Your instructions: An exact reproduction of the listing is wanted, with the pictures dropped.

Given data:
☆ ☆ ☆ ☆ ☆

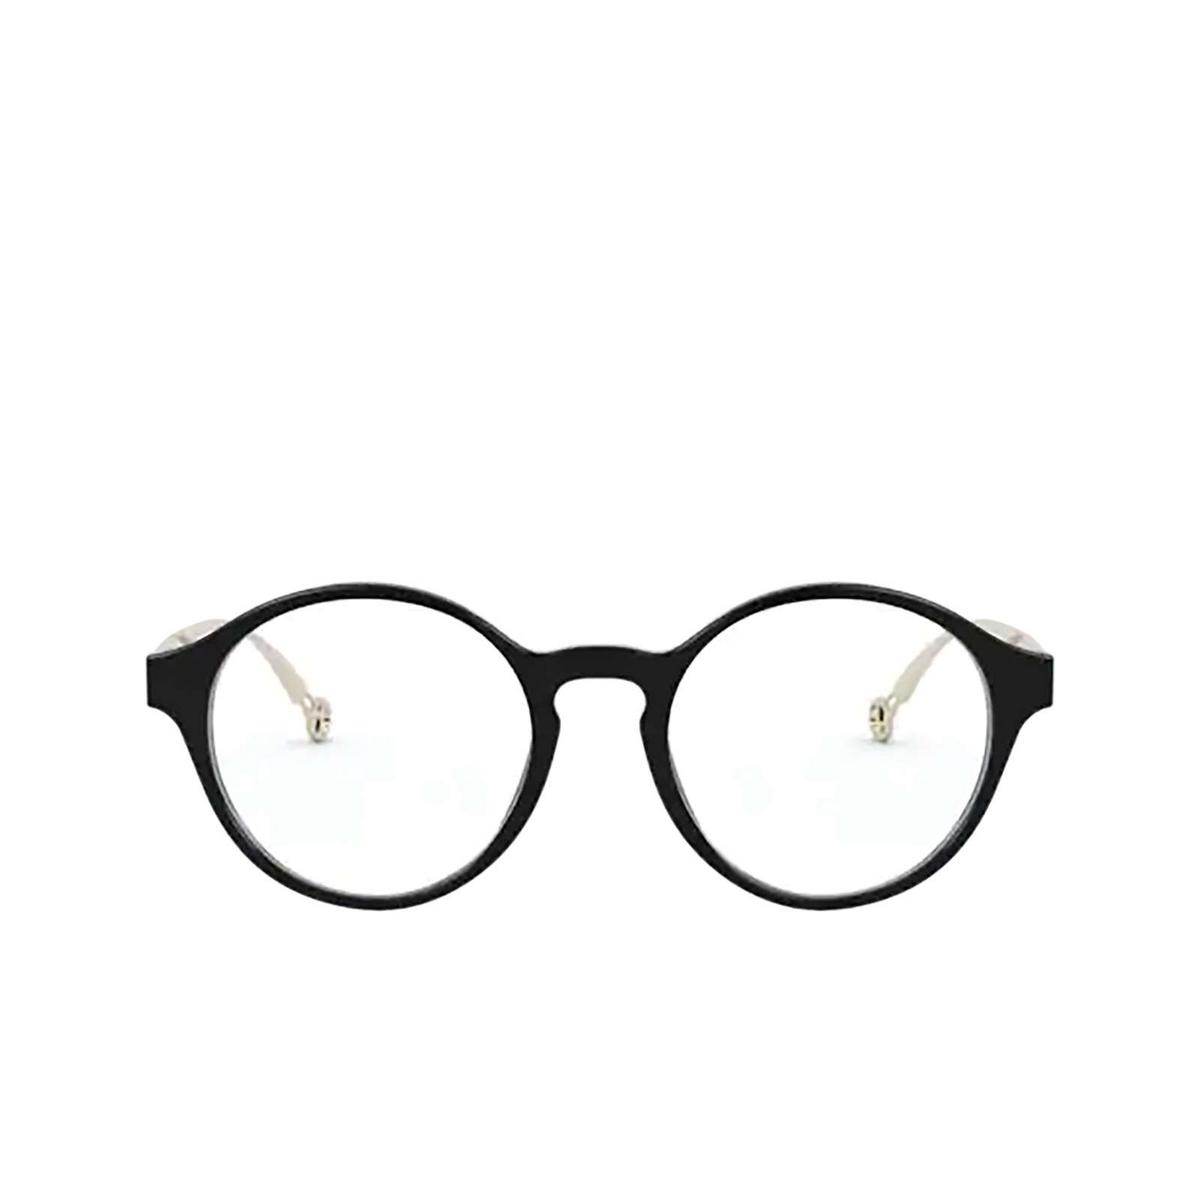 Giorgio Armani® Round Eyeglasses: AR7184 color Black 5001 - front view.
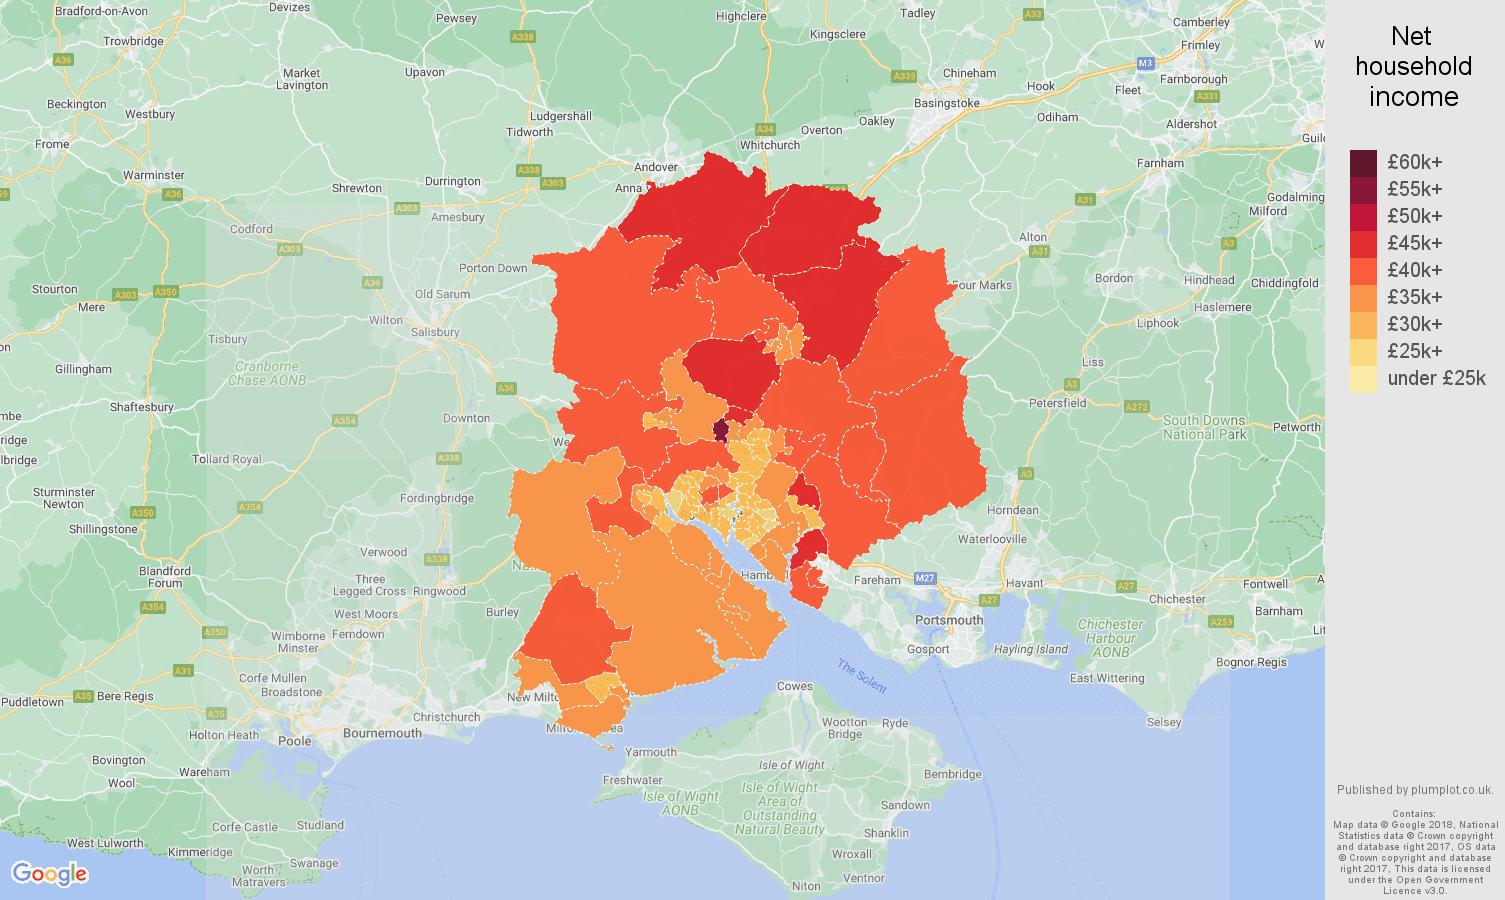 Southampton net household income map
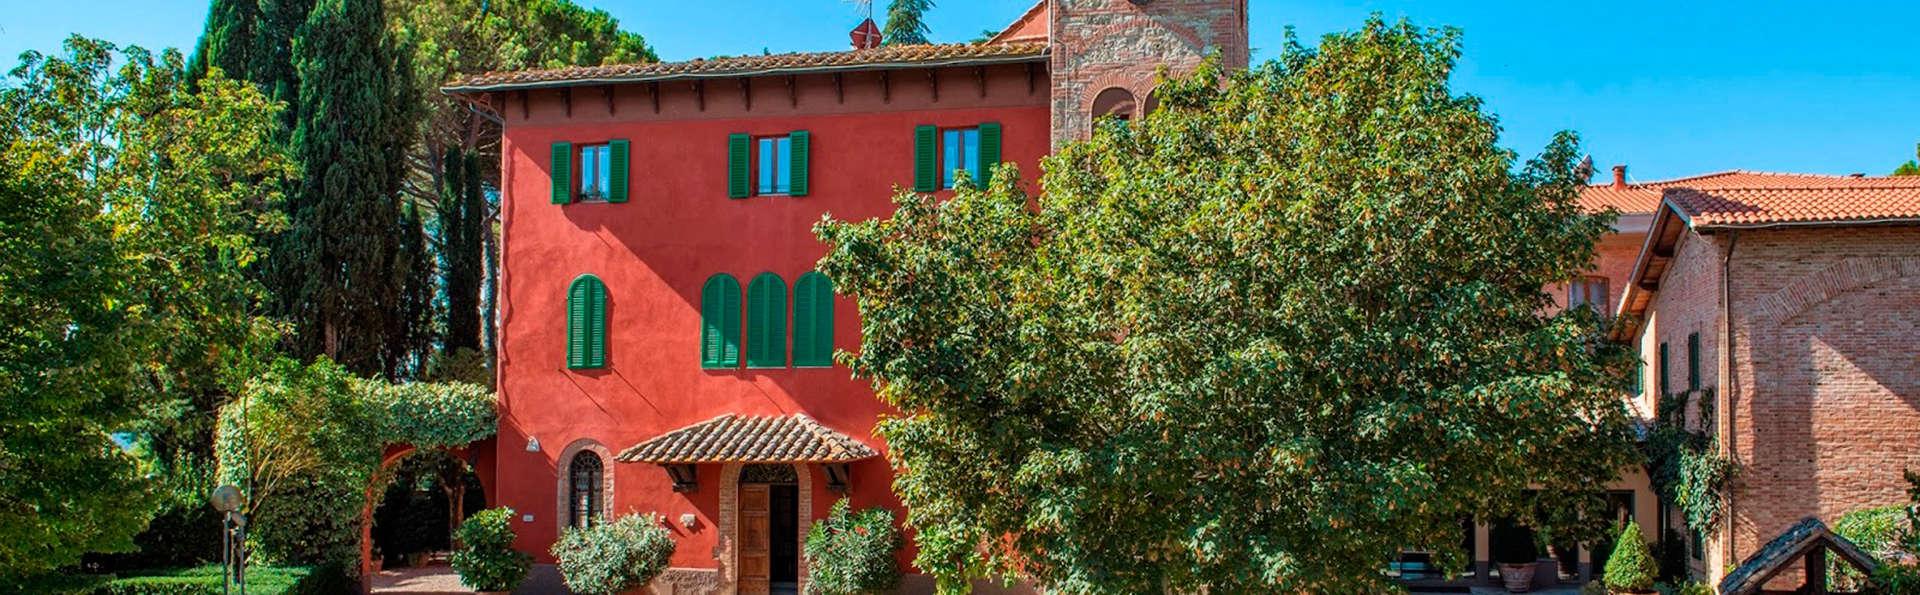 Hotel Villa Il Patriarca - EDIT_front1.jpg

☆ ☆ ☆ ☆ ☆

Answer for this exercise:
 Giorgio Armani® Round Eyeglasses: AR7184 color Black 5001 - front view.
 Southampton net household income map
 Hotel Villa Il Patriarca - EDIT_front1.jpg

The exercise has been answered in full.